Schultz & Williams Senior Vice President Kathy Watson was a featured speaker at the 2017 Compass Conference sponsored by the Greater Philadelphia Chapter of the Association of Fundraising Professionals. Her presentation “Story Telling: Best Practices in Major Gift Fundraising” featured real donor stories that illustrate key principles in the cultivation and solicitation of significant gifts. This is the fifth story in a series of nine.
 

As fundraisers, one of the strategic decisions we face is determining when a donor is ready to be solicited. If we ask too soon—without enough cultivation and engagement—we are likely to receive a gift well below the donor’s potential. If we wait too long, we can miss our window of opportunity. Striking that careful balance is critical to major gift success. Let me share an example.

Schultz & Williams conducted a $2 million campaign planning study for a small, community-based counseling organization. The organization—we’ll call it the Smith Center—could not renew the lease for its rented space and was considering buying a building to serve as a permanent home. The advantages of having a permanent home were obvious to the staff: establishing a stable base of operations, becoming a more visible community resource, and building equity over time. However, the Board had not yet reached consensus. Since the Smith Center was totally supported by contributed revenue, Board members were concerned about increased overhead, a focus on real estate rather than expanded services, and the impact of a campaign on their annual fund. Finally, the Board wanted to know how the center’s clients would feel about a move that could potentially interrupt services.

Mary Peters, one of the center’s founding Board members and most generous donors, shared these concerns. Her support would be essential to a successful campaign—not only because it would represent a key leadership gift, but because other donors in the community would be highly influenced by Mary’s commitment. And while our campaign planning study had shown that a successful campaign was within the center’s reach, we knew that Mary should not be asked for a leadership gift until her concerns were addressed. That was not an easy decision—the clock was ticking, and every month the center moved closer to being without a home.

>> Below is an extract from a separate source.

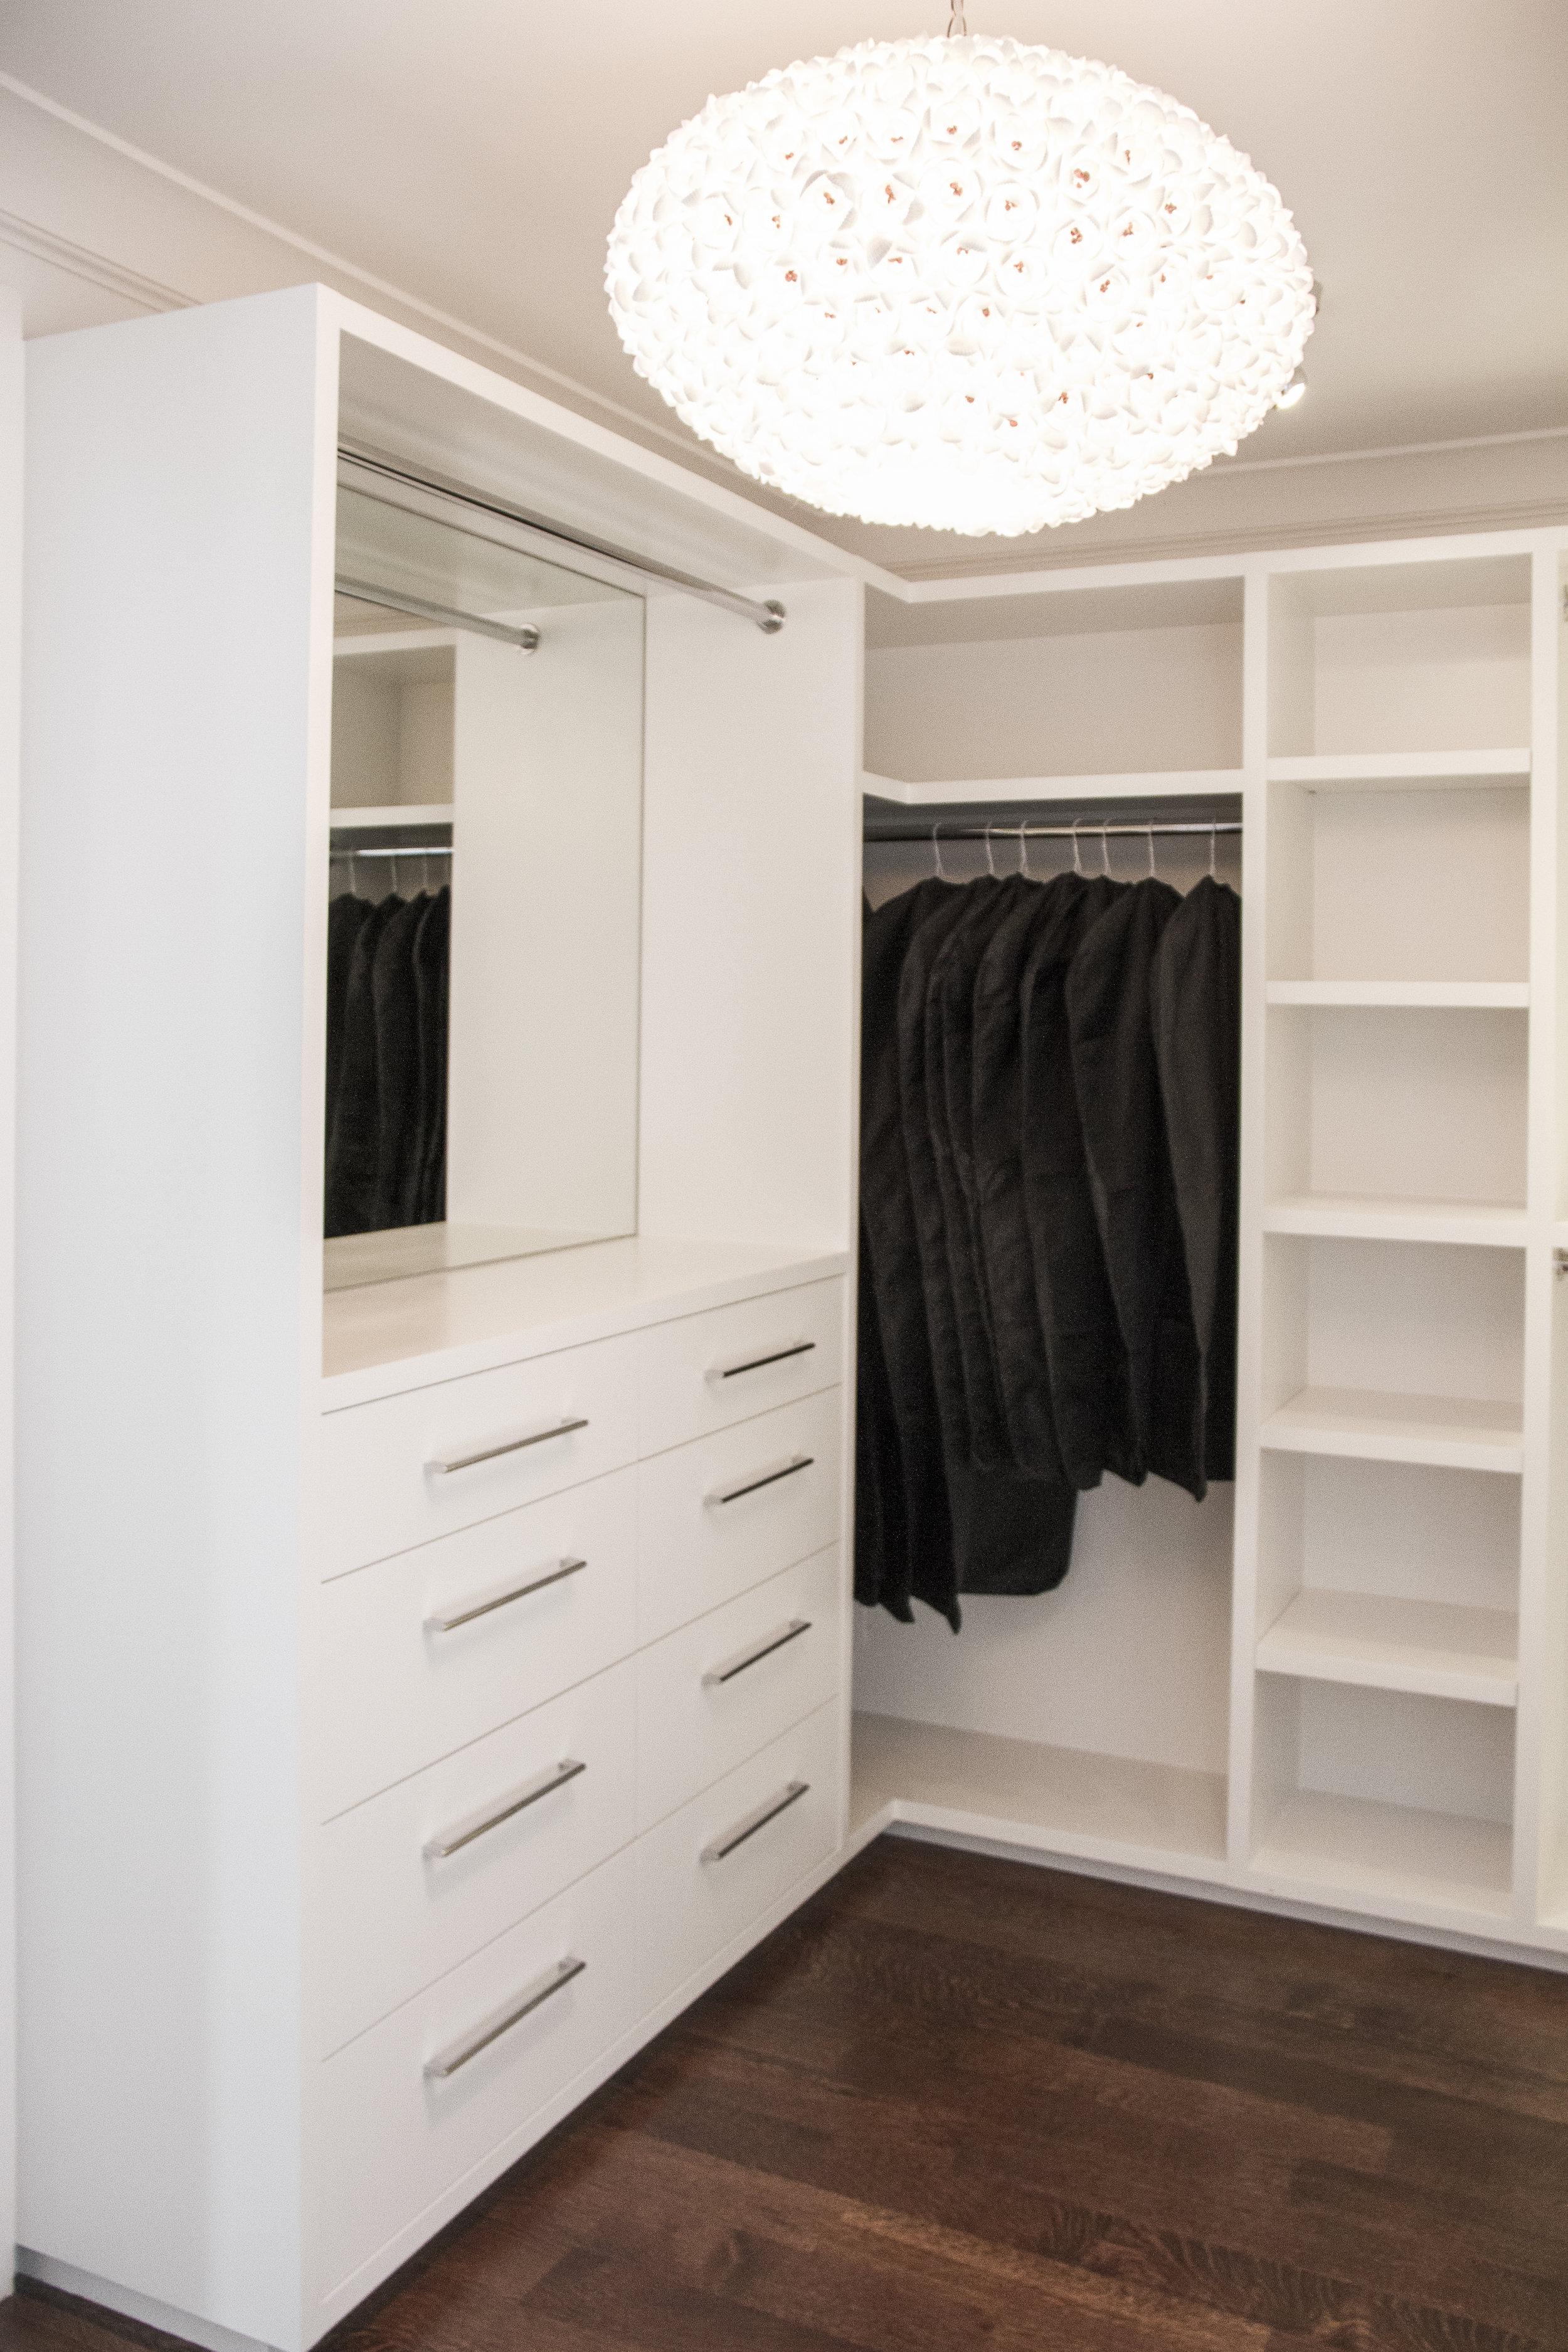 closet, white, modern, storage, wardrobe, hangers, clothes, clothes rack, hardwood floor

With assistance from Schultz & Williams, the Smith Center took the following steps to address strategic issues and build consensus:

  • Conducted a Board survey to allow Board members to express their views about the future vision for the Smith Center and how a new building would influence that vision.
  • Engaged in a strategic business planning process to forge Board consensus, further define the facility options, link the facility plan to a strong vision and new institutional goals for the future, refine the financial projections, and begin strategizing on early campaign solicitations.
  • Surveyed a representative sample of clients via an online questionnaire to secure their input into the planning process. The survey gave Smith Center stakeholders an opportunity to share their views on what an ideal environment for clients and families would look like. It also served to educate them at the earliest phase of the campaign.

After three months of thoughtful planning and frank dialogue, the center’s Board unanimously voted to move forward. They launched their capital campaign and began the search for a building. Both efforts were successfully concluded within 18 months… and Mary Peters made the lead gift to the campaign and actively solicited other donors.
In thinking about this story, there are three major takeaways:

  • Business planning and fundraising planning are inextricably linked, particularly in major gift fundraising. Donors want to know that our plans are well considered and solid. It’s better to delay major solicitations until we can answer the questions that sophisticated donors will ask.
  • Engagement in the planning process can be a highly effective form of cultivation that develops a sense of ownership for the plan.
  • Building Board consensus in advance of a major capital campaign is essential for campaign success, since we look to the Board to serve as campaign ambassadors to the wider community.